I do belive that your wrong and I'm not in the minority of opinons of those who actually own one, seems that once the early ones got straightend out, you never heard many owers complain much about them. 

Like I said your free to voice your opinon all you want to, but since you never even seen one, let alone run one, your opinon means nothing to me on this one.


----------



## weimedog (Dec 11, 2010)

No reason to pick on troll. Many Historians never lived the History they write about...many scientists never see the elements they opine about..troll spends a lot of time reading reports facts and figures and I think is more than qualified in reporting what he has read and heard.

( I know an a$$ hole when I read text & posts from one..don't even have to meet the person! (BTW I am one, and I'm perfectly happy in that role!))


----------



## SawTroll (Dec 11, 2010)

Modifiedmark said:


> There reputation from where, this site? LOL
> 
> There rep came from a few who got bad early ones and people who never run one at all piled on the junk bandwagon.
> 
> ...



It was far from that simple!


----------



## Modifiedmark (Dec 11, 2010)

weimedog said:


> No reason to pick on troll. Many Historians never lived the History they write about...many scientists never see the elements they opine about..troll spends a lot of time reading reports facts and figures and I think is more than qualified in reporting what he has read and heard.
> 
> ( I know an a$$ hole when I read text & posts from one..don't even have to meet the person! (BTW I am one, and I'm perfectly happy in that role!))




Yes I agree him as well as others do alot or reading, if there reading facts can be debated. 

No I'm not picking on Troll, I like him alot and consider him a knowlable frieind.
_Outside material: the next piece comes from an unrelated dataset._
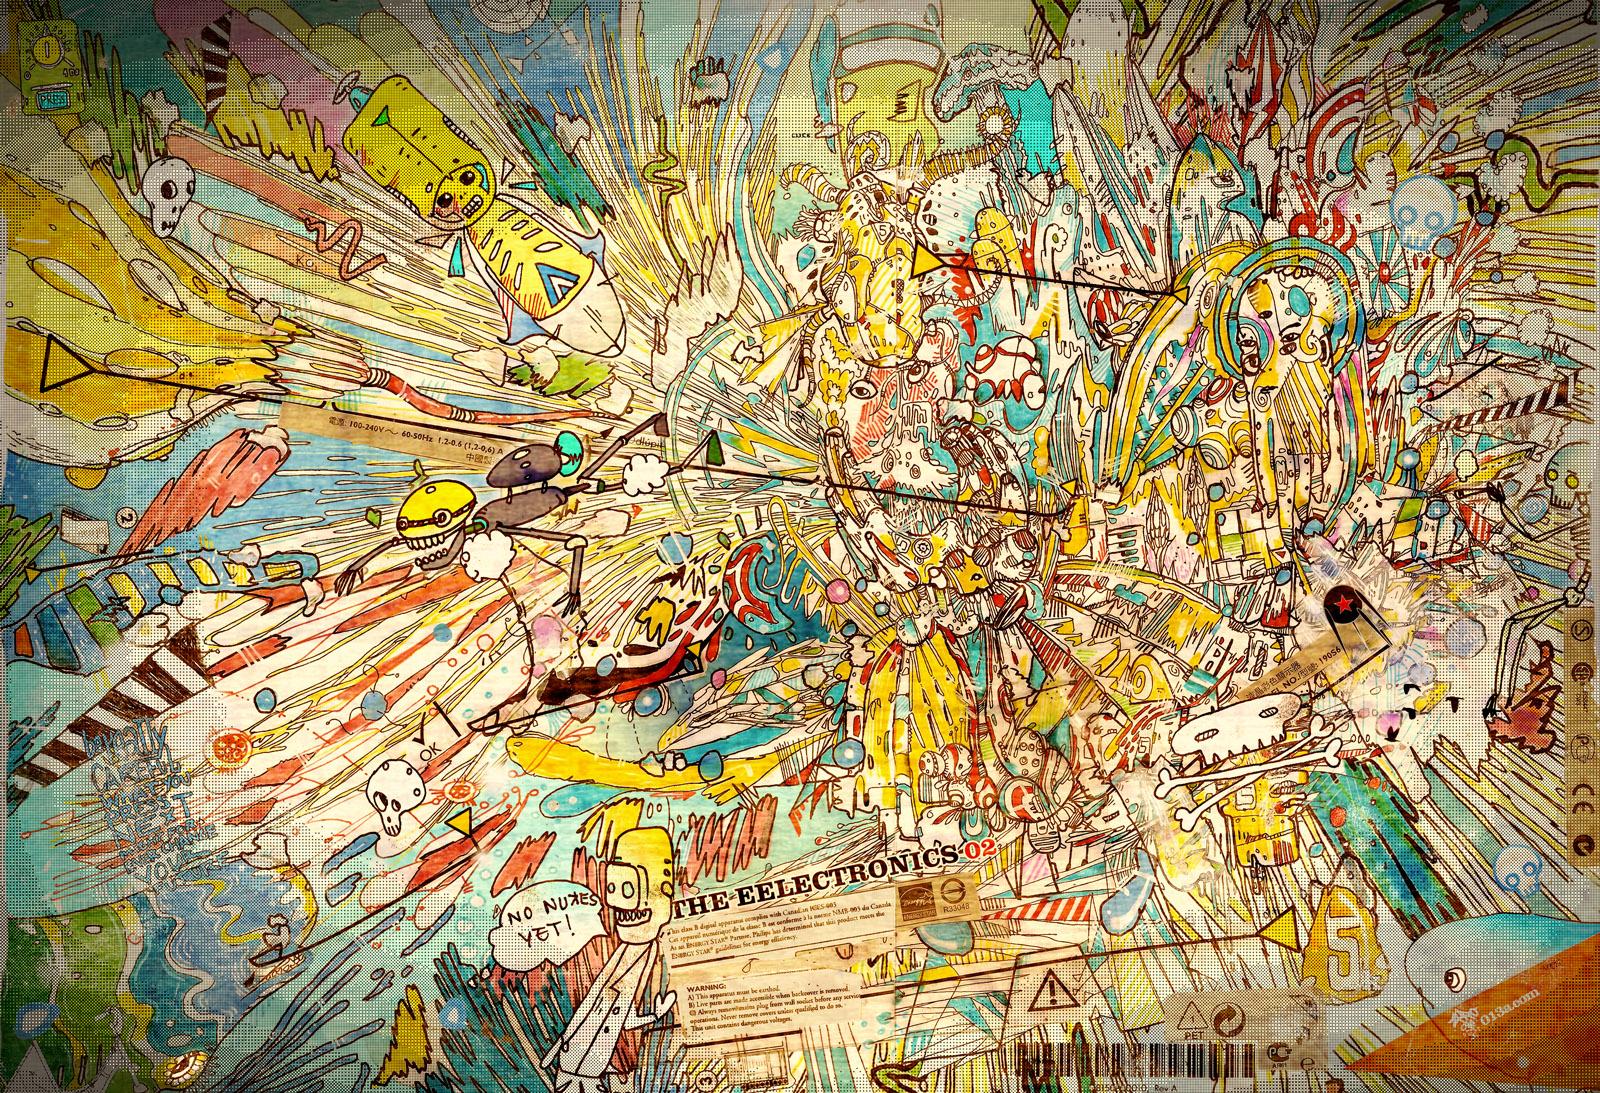 Live Wallpaper Spring Zen Hd 3d Psychedelic Computer Wallpapers Desktop Backgrounds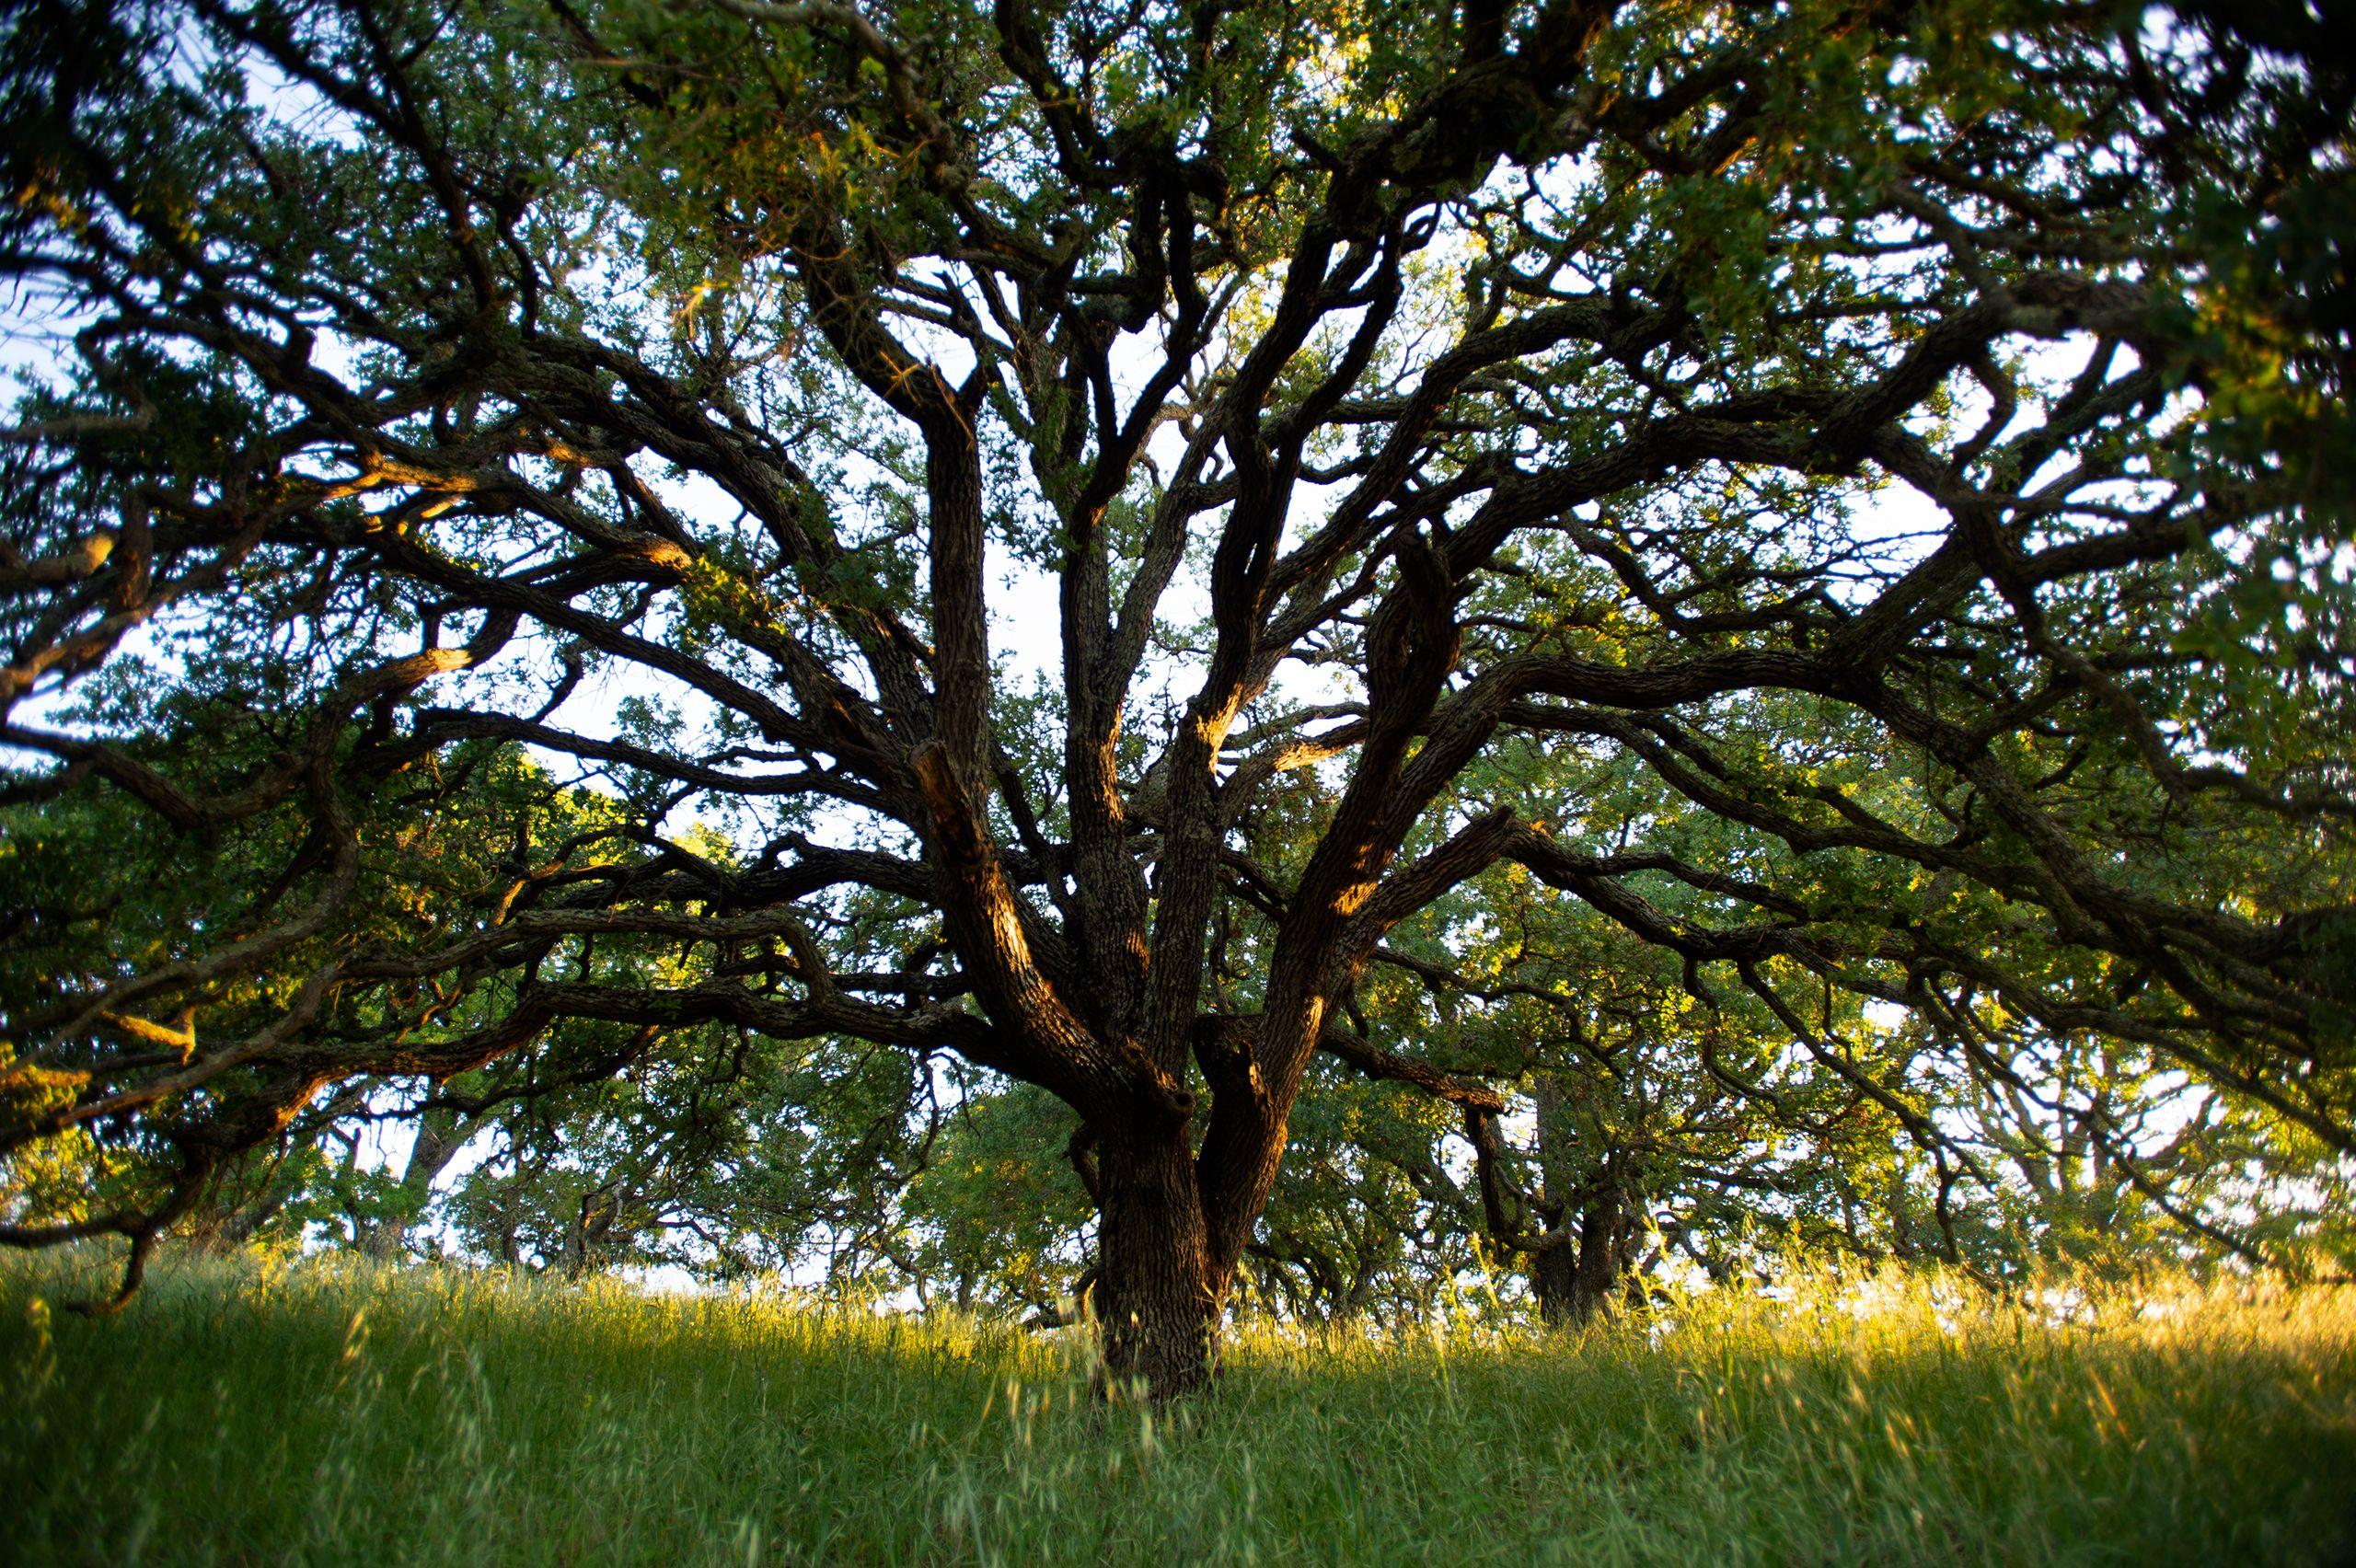 Oak Tree on Mount Wanda

Just pointing out some facts, with his help of course. Those facts are that he has never even seen let alone run a 575XP period.

He helped me bring those facts out but I guess your right hes very qualified to point out what he reads, but should also include that disclaimer.

He's not the only one, like I said the 575 got it's rep here from lots just like him, those who never seen let alone run one and thats a shame because I see it alot here, not just about the 575 either. 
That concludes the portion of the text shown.